Polite or Direct? Conversation Design of a Smart Display for Older Adults Based on Politeness Theory
Yaxin Hu, Yuxiao Qu, Adam Maus, and Bilge Mutlu

TL;DR
This study applies politeness theory to design conversational interfaces for older adults, aiming to reduce user burden and enhance experience through tailored speech acts and personalized interaction strategies.
Contribution
It introduces a politeness-based conversation design framework for smart displays, including categorization of speech acts, face needs, and personalized user personas.
Findings
Politeness strategies improve perceived politeness of voice assistants.
Four user personas inform personalized interaction design.

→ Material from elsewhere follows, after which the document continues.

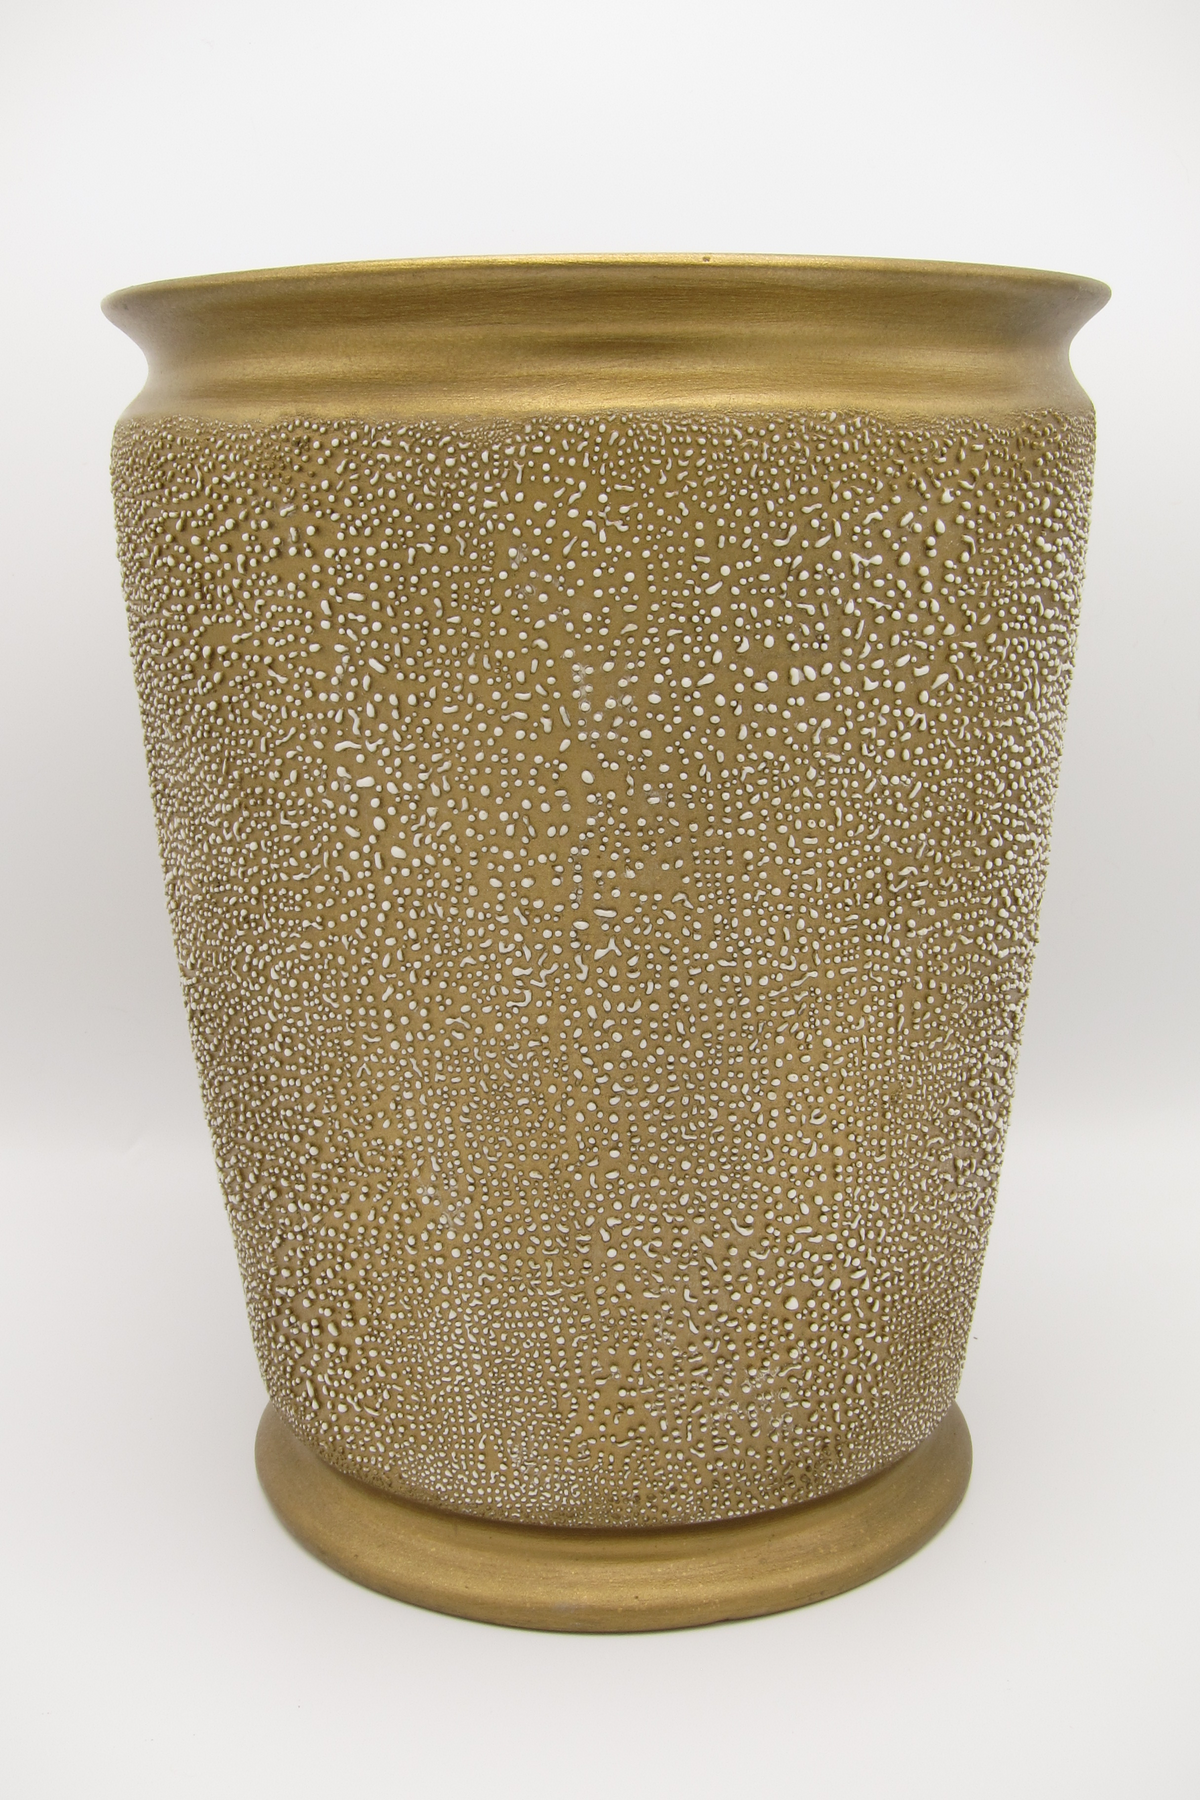 vintage gold ceramic waste basket
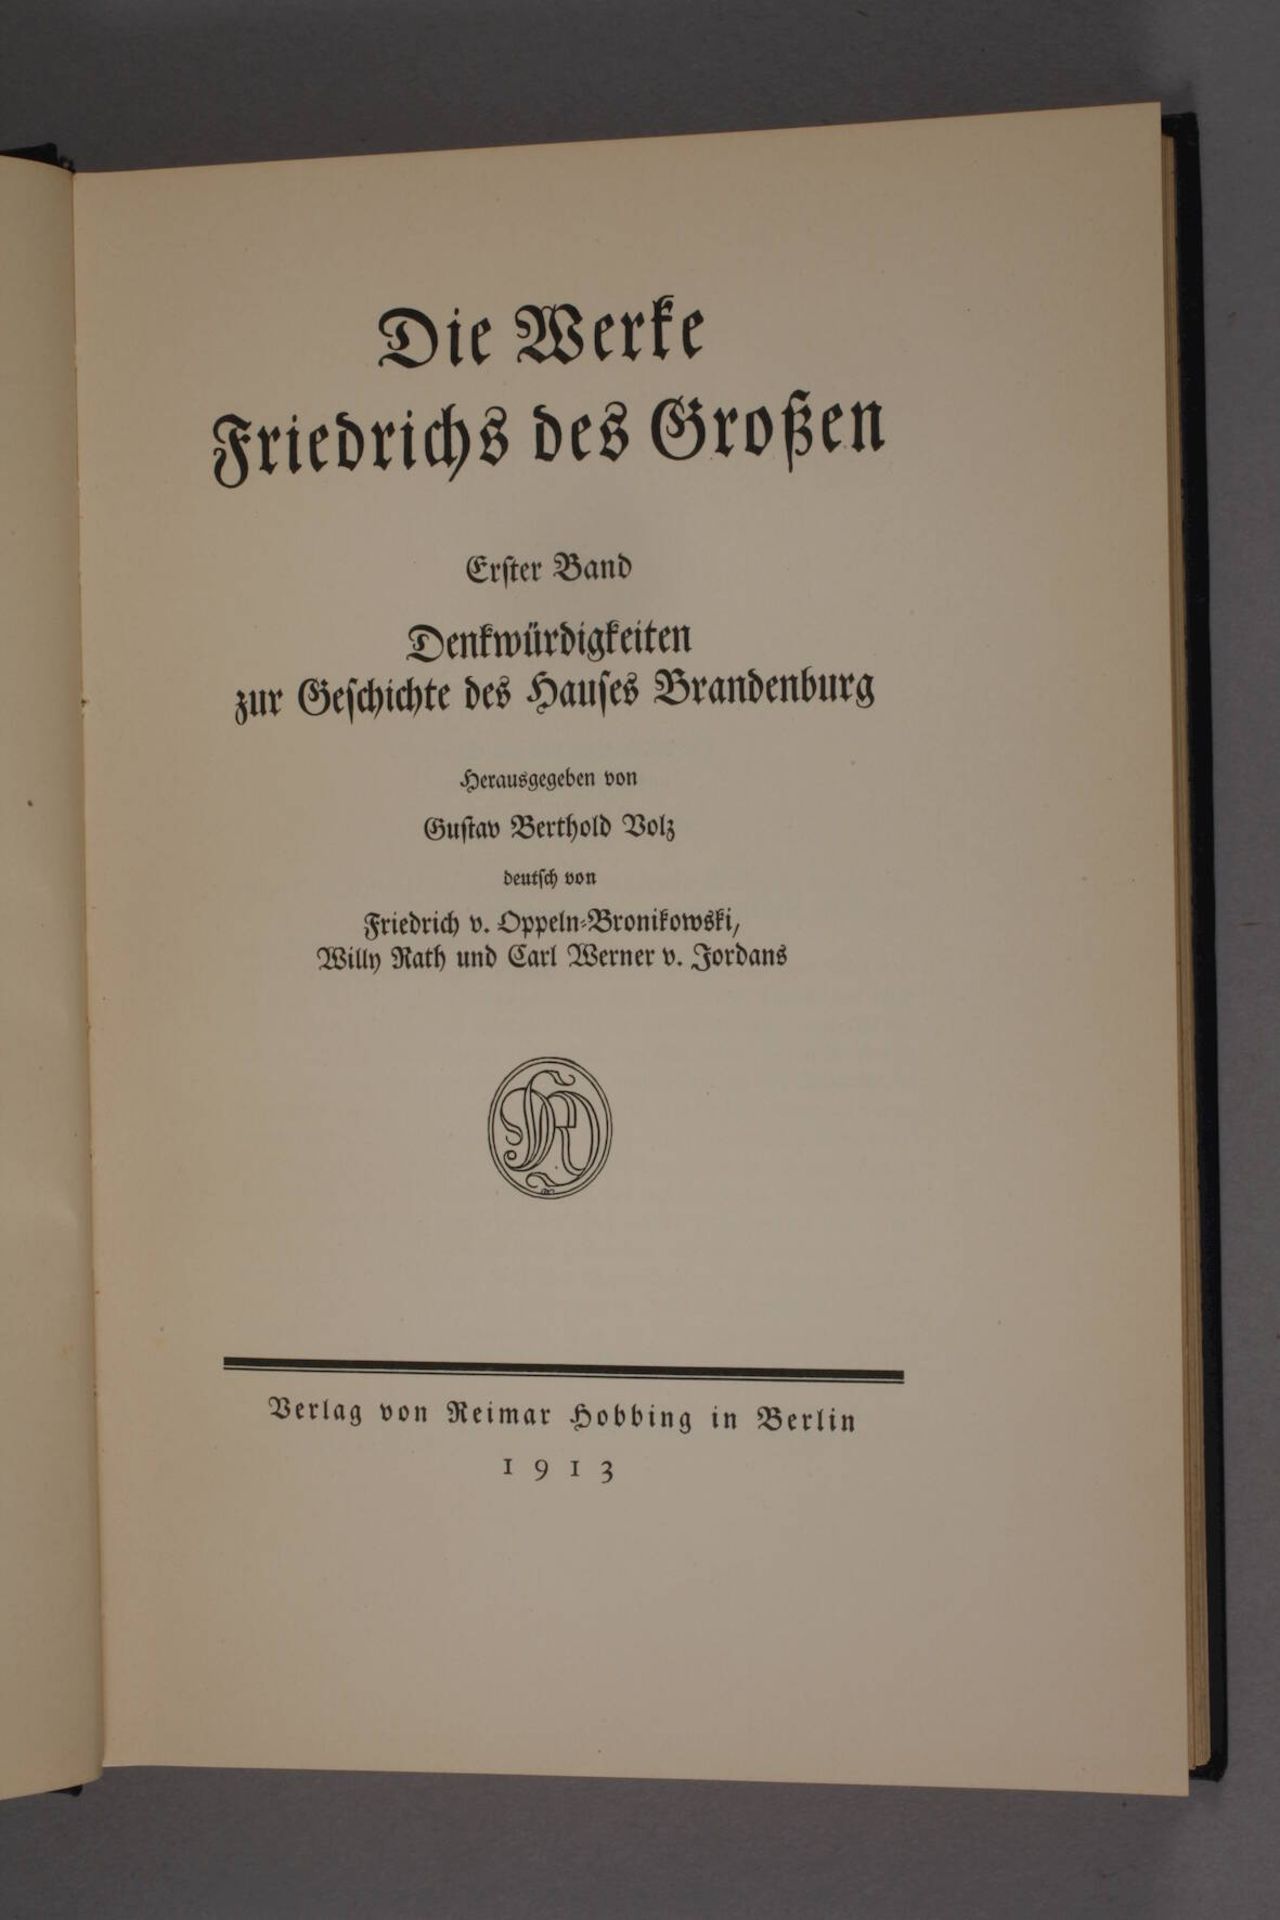 Die Werke Friedrichs des Großen - Image 4 of 6

Field study shows effective application of politeness strategies in real use.
Abstract
Conversational interfaces increasingly rely on human-like dialogue to offer a natural experience. However, relying on dialogue involving multiple exchanges for even simple tasks can overburden users, particularly older adults. In this paper, we explored the use of politeness theory in conversation design to alleviate this burden and improve user experience. To achieve this goal, we categorized the voice interaction offered by a smart display application designed for older adults into seven major speech acts: request, suggest, instruct, comment, welcome, farewell, and repair. We identified face needs for each speech act, applied politeness strategies that best address these needs, and tested the ability of these strategies to shape the perceived politeness of a voice assistant in an online study (). Based on the findings of this study, we designed direct and polite versions of the…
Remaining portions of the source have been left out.